Position Estimation and Autonomous Control of a Quad Vehicle 2016-01-1878
The major contribution of this paper is the general description of a complete integrating procedure of autonomous vehicle system. Using Robot Operating System (ROS) as the framework, process from senor integration to path planning and path tracking were performed. Based on an off-road All-Terrain Vehicle, an Extended Kalman filter based autonomous control strategy was developed on the ROS. Both the position estimation and autonomous control were performed on the ROS platform. For the position estimation phase, sensory measurements from GPS, IMU and wheel odometry were acquired and processed on ROS. In accordance with the ROS architecture, separate packages were developed for each sensor to gather and publish corresponding measurements. Furthermore, Extended Kalman filtering was performed to fuse all sensory measurements to achieve an optimizing accuracy. Necessary conversion and normalization were also conducted prior to data fusion, such as conversion from LLA to ENU for GPS measurements. For the autonomous control phase, a ROS package was first developed to generate target path. By defining several control points, the algorithm performed cubic spline interpolation to smoothly connect every two adjacent control points. Only the coefficients of the computed splines were transferred to other packages to be more efficient. With the predefined target path, the Pure Pursuit algorithm was implemented to compute desired steering angle. Meanwhile, a simple longitudinal control strategy, which defines velocity as a function of steering angle, was also developed to calculate throttle value. All developed algorithms were first validated in simulation, and some preliminary field tests were also conducted to examine the performance of the proposed approach.
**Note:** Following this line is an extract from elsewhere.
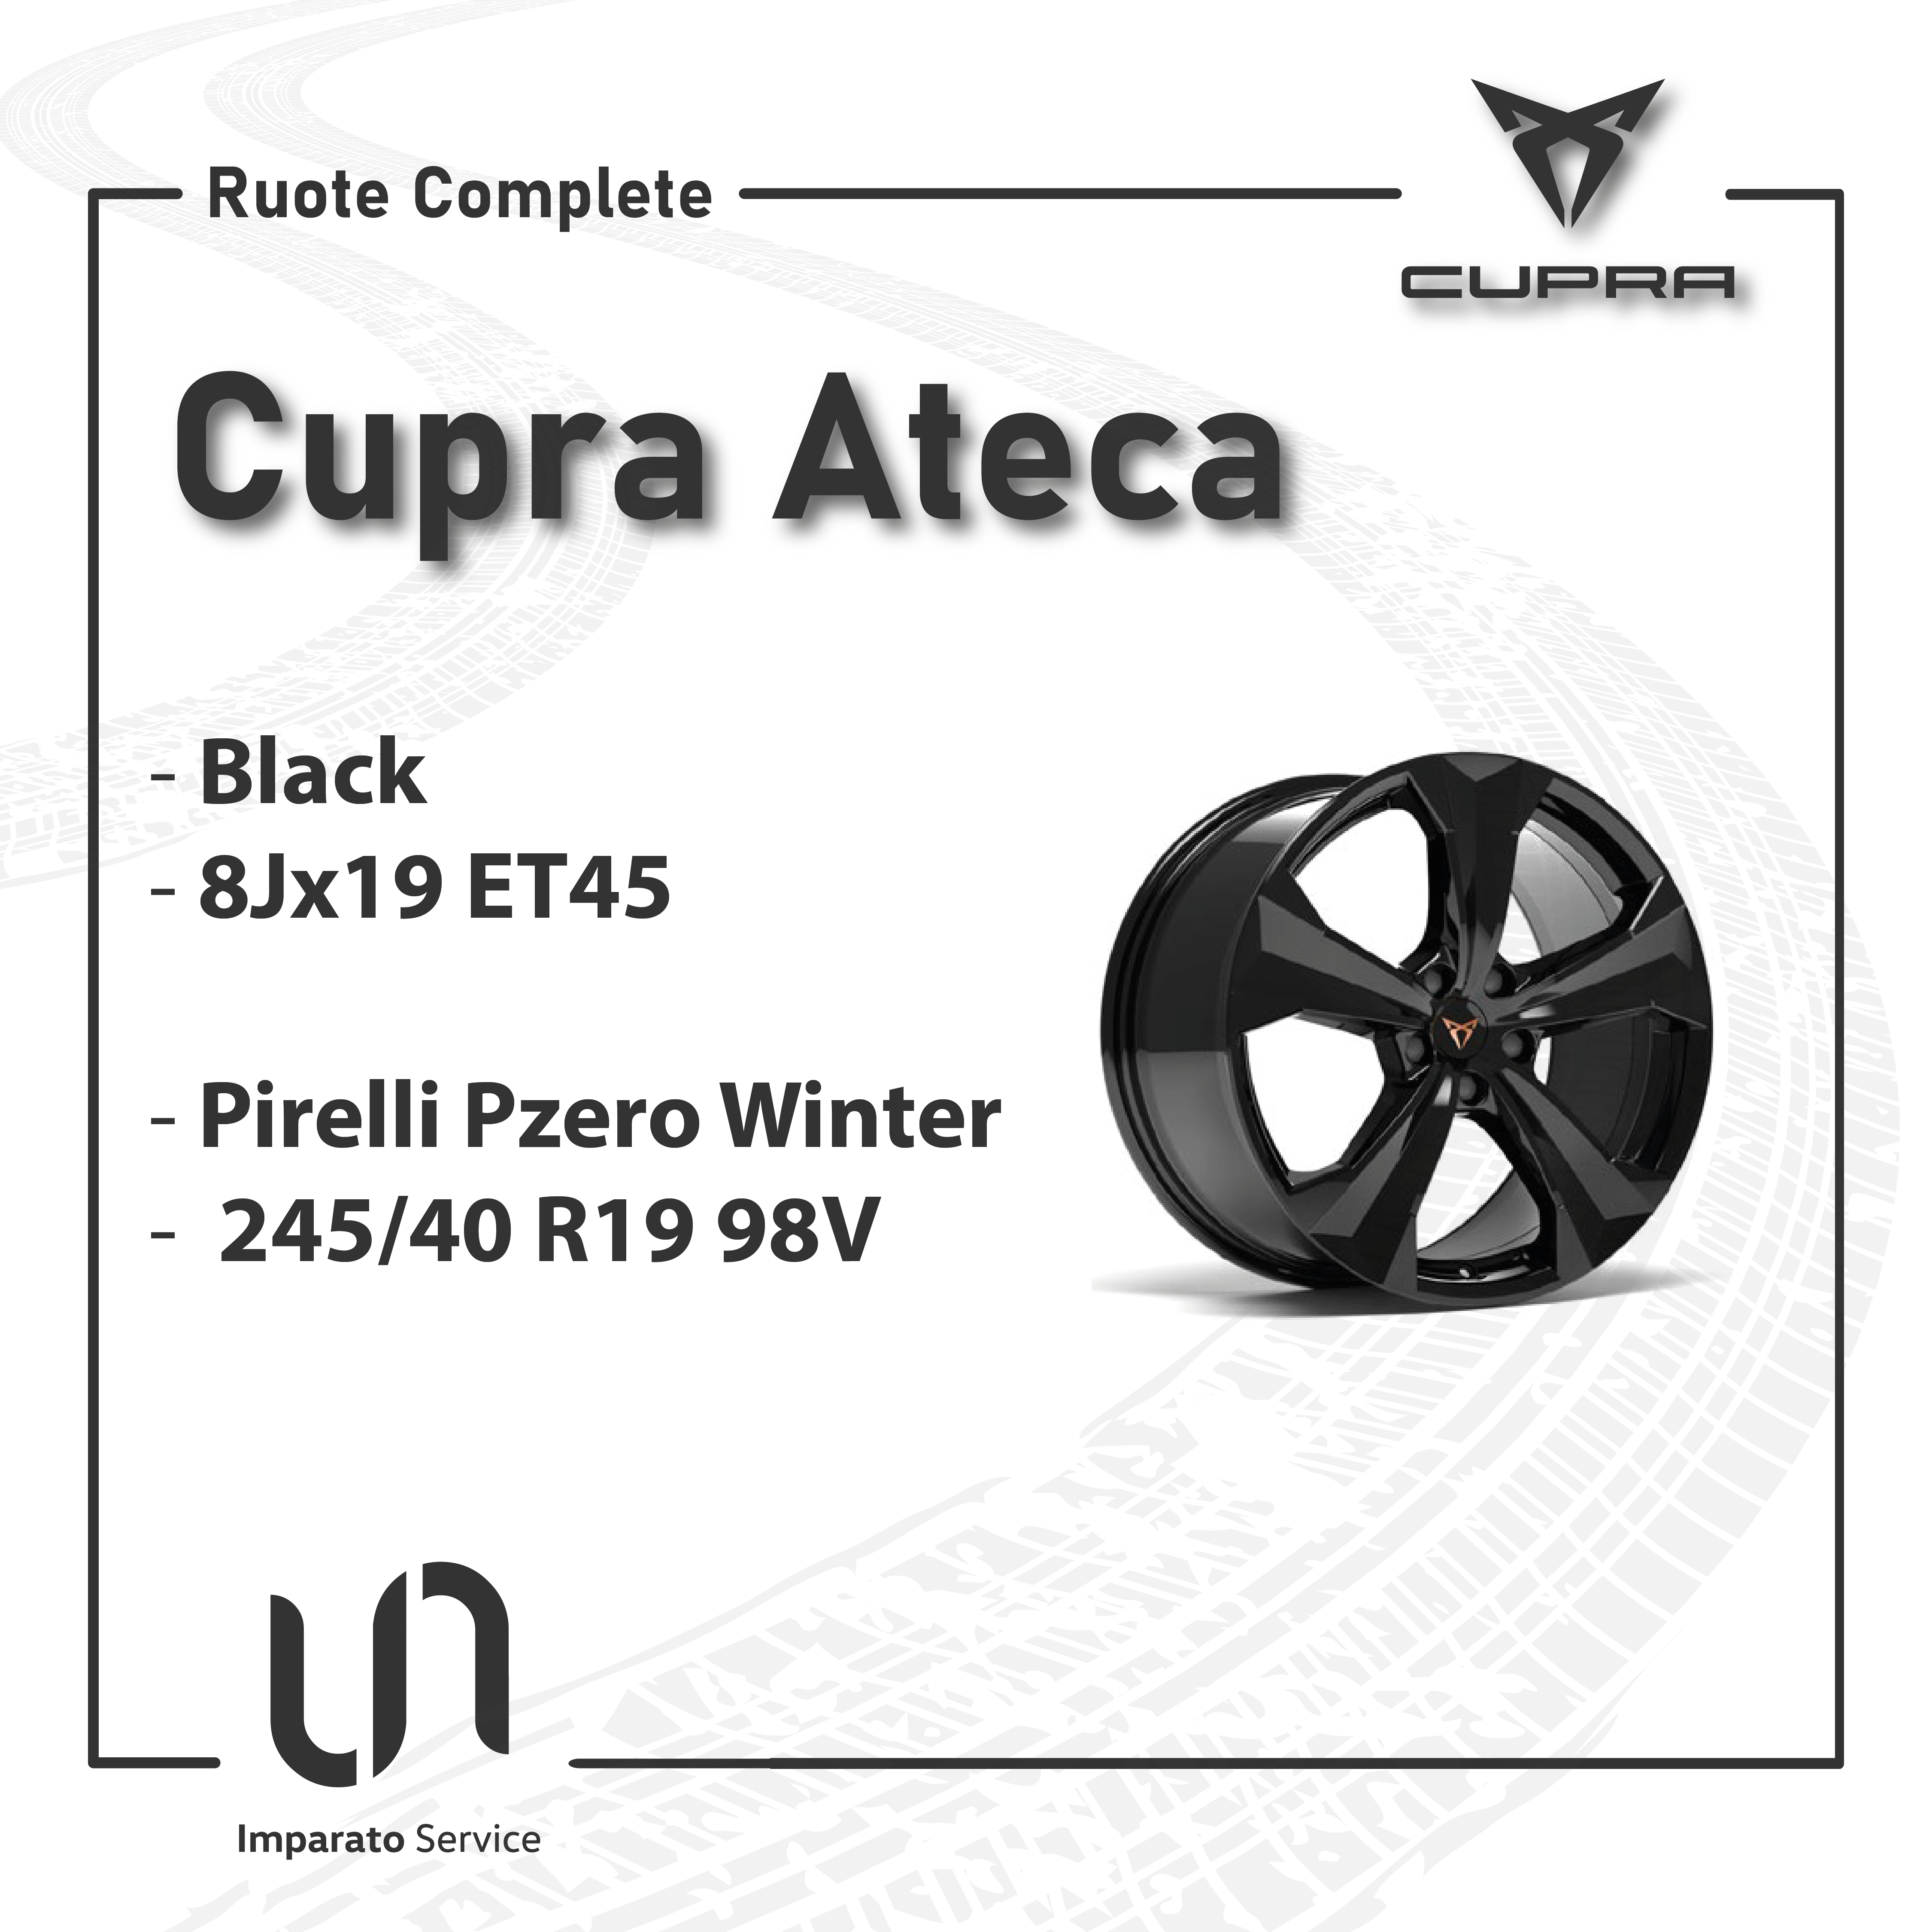 Cupra-Ateca

This is a general guidance of implementing autonomous control with low cost sensors on the ROS platform. With the mentioned general procedures, this paper can allow readers to have an understanding of the autonomous control architecture. Meanwhile, the adopted algorithms can facilitate the development of similar applications. The proposal of using low cost sensors would also contribute to increase the acceptance of autonomous vehicles.